Because of Poles’ fundamental inequality in law, the most important
unwritten
basic concept of procedural law was that Poles (“protected-status subjects” or stateless persons) had no automatic right to due process of law in the courts and were only allowed to bring any action under the strictest conditions. Such permission was not to be granted whenever political reasons did not preclude it but, as the head of the Security Police and the Security Service explained to the head of the Party Chancellery, only if due process of law was necessary in the German interest.
76
In other words, this involved a certain extension—affecting particular persons—to the material political condition of section 4 of the Decree on the Civil Law in the East. This unwritten legal principle was derived in part from general “legal principles” and in part directly from section 4, with the aim of enforcing the slowly emerging “aliens law” for Poles in the field of civil law,
77
as was openly expounded in the literature.
78
This principle was therefore based on an equally unwritten condition: that there was initially a presumption opposing the granting of due process of law to eligible Poles. To clarify the question of whether German interests “demanded” that the proceedings be conducted, two strategies were formulated to provide a preliminary examination—or “filter”—of suits filed by Poles.

In all civil proceedings (including noncontentious proceedings) in which Poles were involved, an examination was first to be made as to whether the granting of a right to due process of law, that is, the admission of the suit, was in accordance with “German interests,” as described by the commentaries of the practitioners (judges in the Eastern Territories) on the Decree on the Civil Law in the East. For litigation involving only Poles, it can be assumed that such an interest was normally denied. In such cases, the petitioner or claimant was given verbal notice of rejection.
79
A German interest was to be approved
as an exception
in litigation involving Poles if the granting of the right to due process of law served to “retain the working capacity of the Pole in the interests of the German Reich”
80
or if other German interests were affected. In contrast, a German interest in a lawsuit filed by a Pole was to be denied if Poles enforced claims that were aimed against the legal position of a German.

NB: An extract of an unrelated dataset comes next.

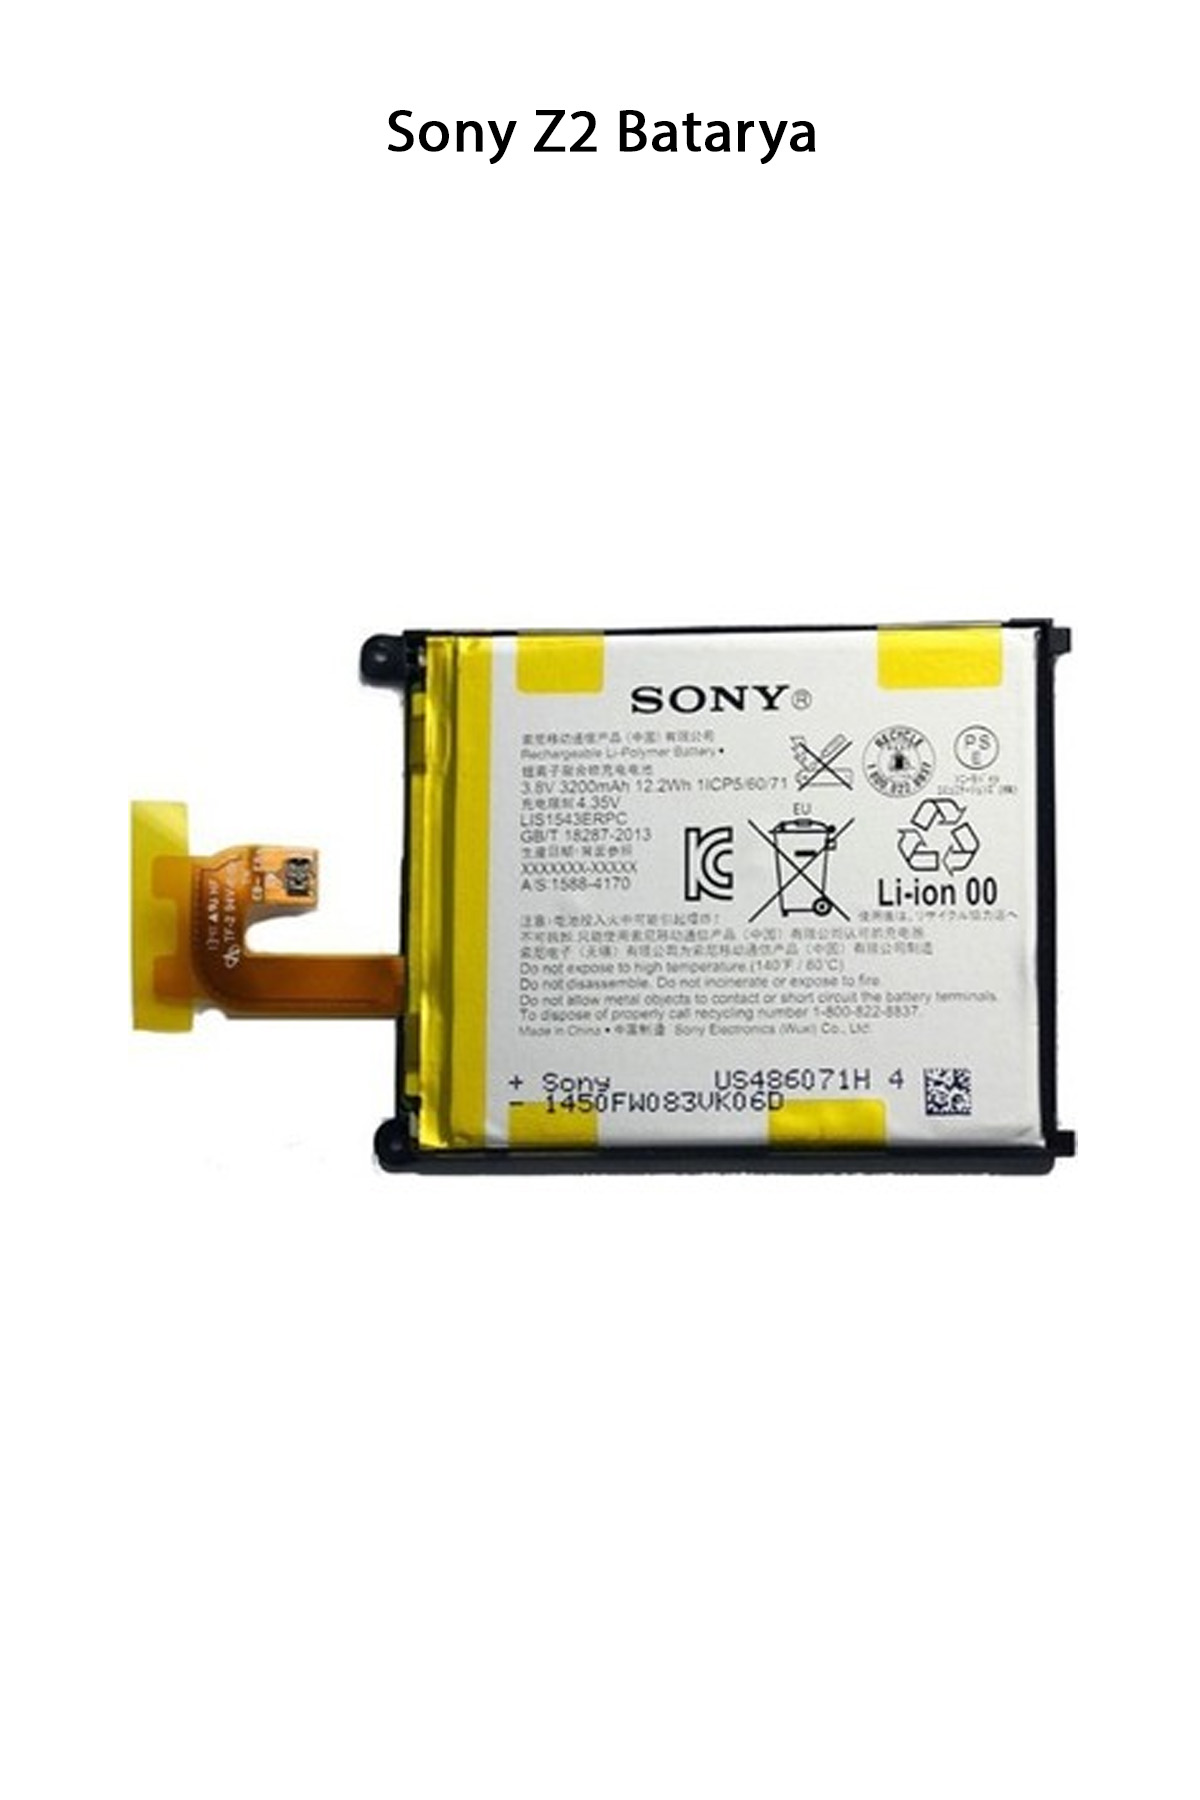 Sony Xperia Z2 Telefonlarla Uyumlu Batarya 3200 mAh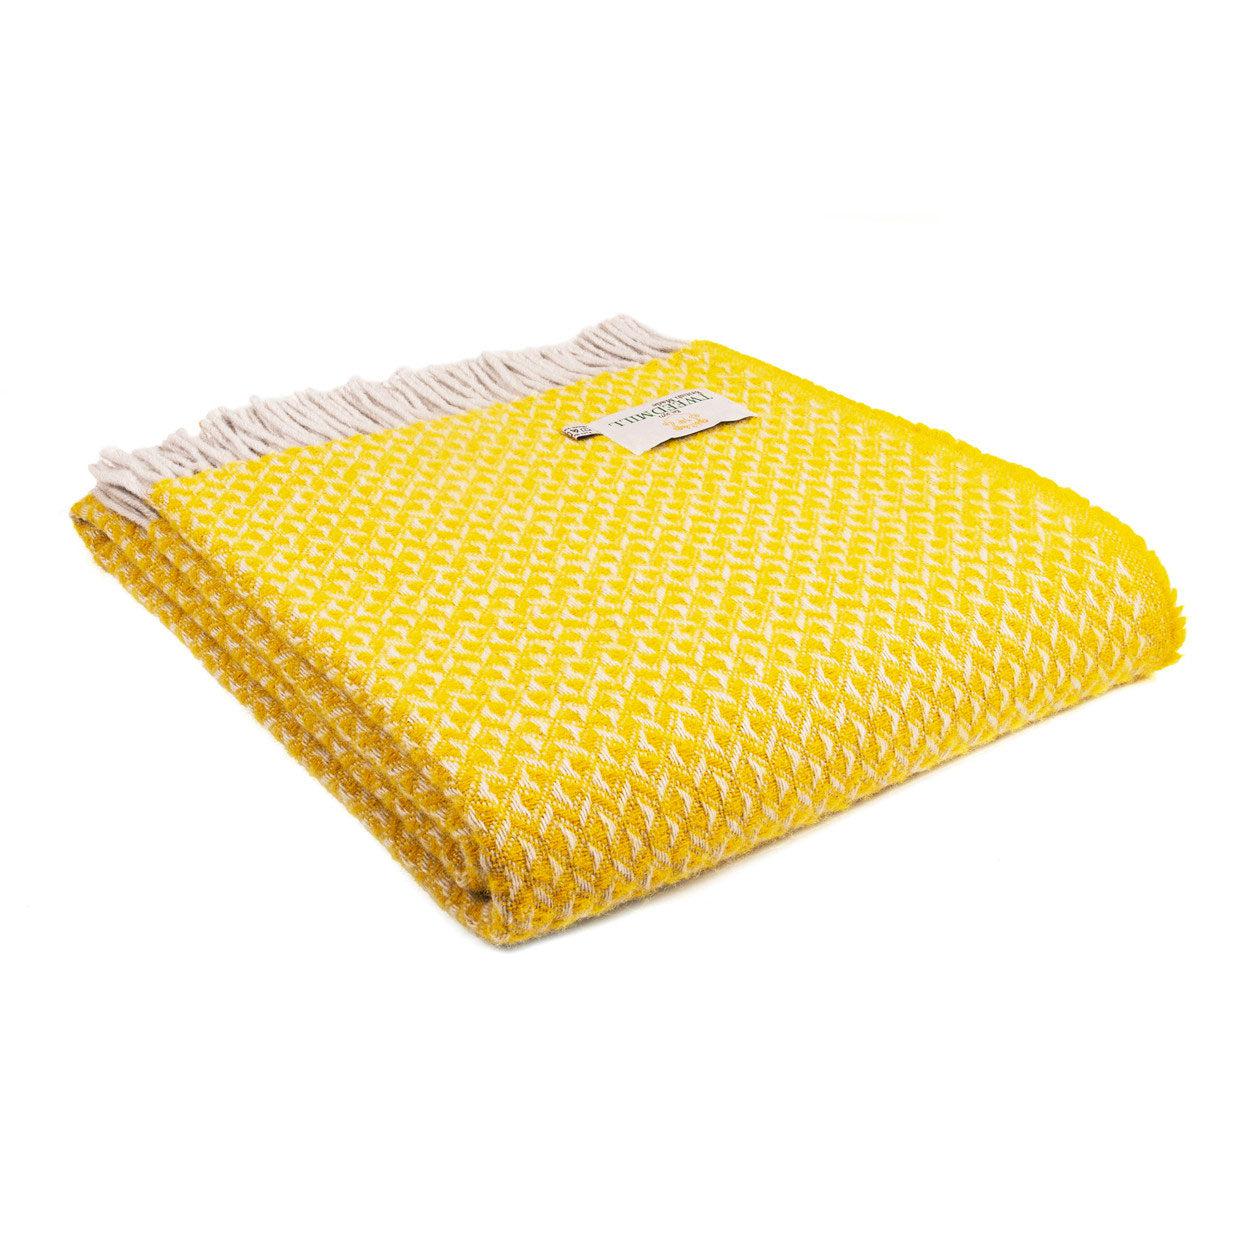 Throw / Blanket - New Wool - Welsh Diamond - Yellow

On the basis of section 4 of the Decree on the Civil Law in the East, claims in such cases that were “substantiated under procedural law, but materially [meaning politically] unsubstantiated” should be capable of being rejected “automatically” “in this way.”
81

b. The Principle of Political Reservation toward Claims by Polish Nationals (Sec. 5)

For those cases whose “conduct” could “
not be prevented
” (my emphasis) solely on the basis of the umbrella clause (sec. 4), the special additional provision of section 5 of the Decree on the Civil Law in the East was created as an omnibus provision to prevent any lawsuits filed by Poles from reaching the courts. This provision represents the procedural counterpart to section 4 and epitomizes the now familiar compromise between the judicial authorities and the Party with regard to the political right of preliminary examination of claims by Poles. In cases in which a suit by a Pole was not inadmissible in any case due to a lack of “German interest,” section 5 provided for a general right of control by the responsible appeal court presidents:

(1) In the event that a claim is enforced or any other application is made against a German state subject that contests the legal position of a German state subject or an ethnic German in the course of litigation instigated by a protected-status subject of Polish nationality or a stateless Pole, and in the event that the court has reservations about whether the conduct of the proceedings might be at variance with state or ethnic concerns, the court must obtain an decision from the president of the court of appeal. This decision shall bind the court and cannot be challenged. In the event that the president of the court of appeal declares that the conduct of the proceedings is at variance with state or ethnic concerns, the proceedings shall be discontinued where they are affected by the decision.
82
At the request of the president of the court of appeal, the court shall issue an interim order on the enforcement of any decision ruling already taken. Until the decision is received, the court may take only such measures as permit no stay of proceedings. It may issue orders necessary for the ruling.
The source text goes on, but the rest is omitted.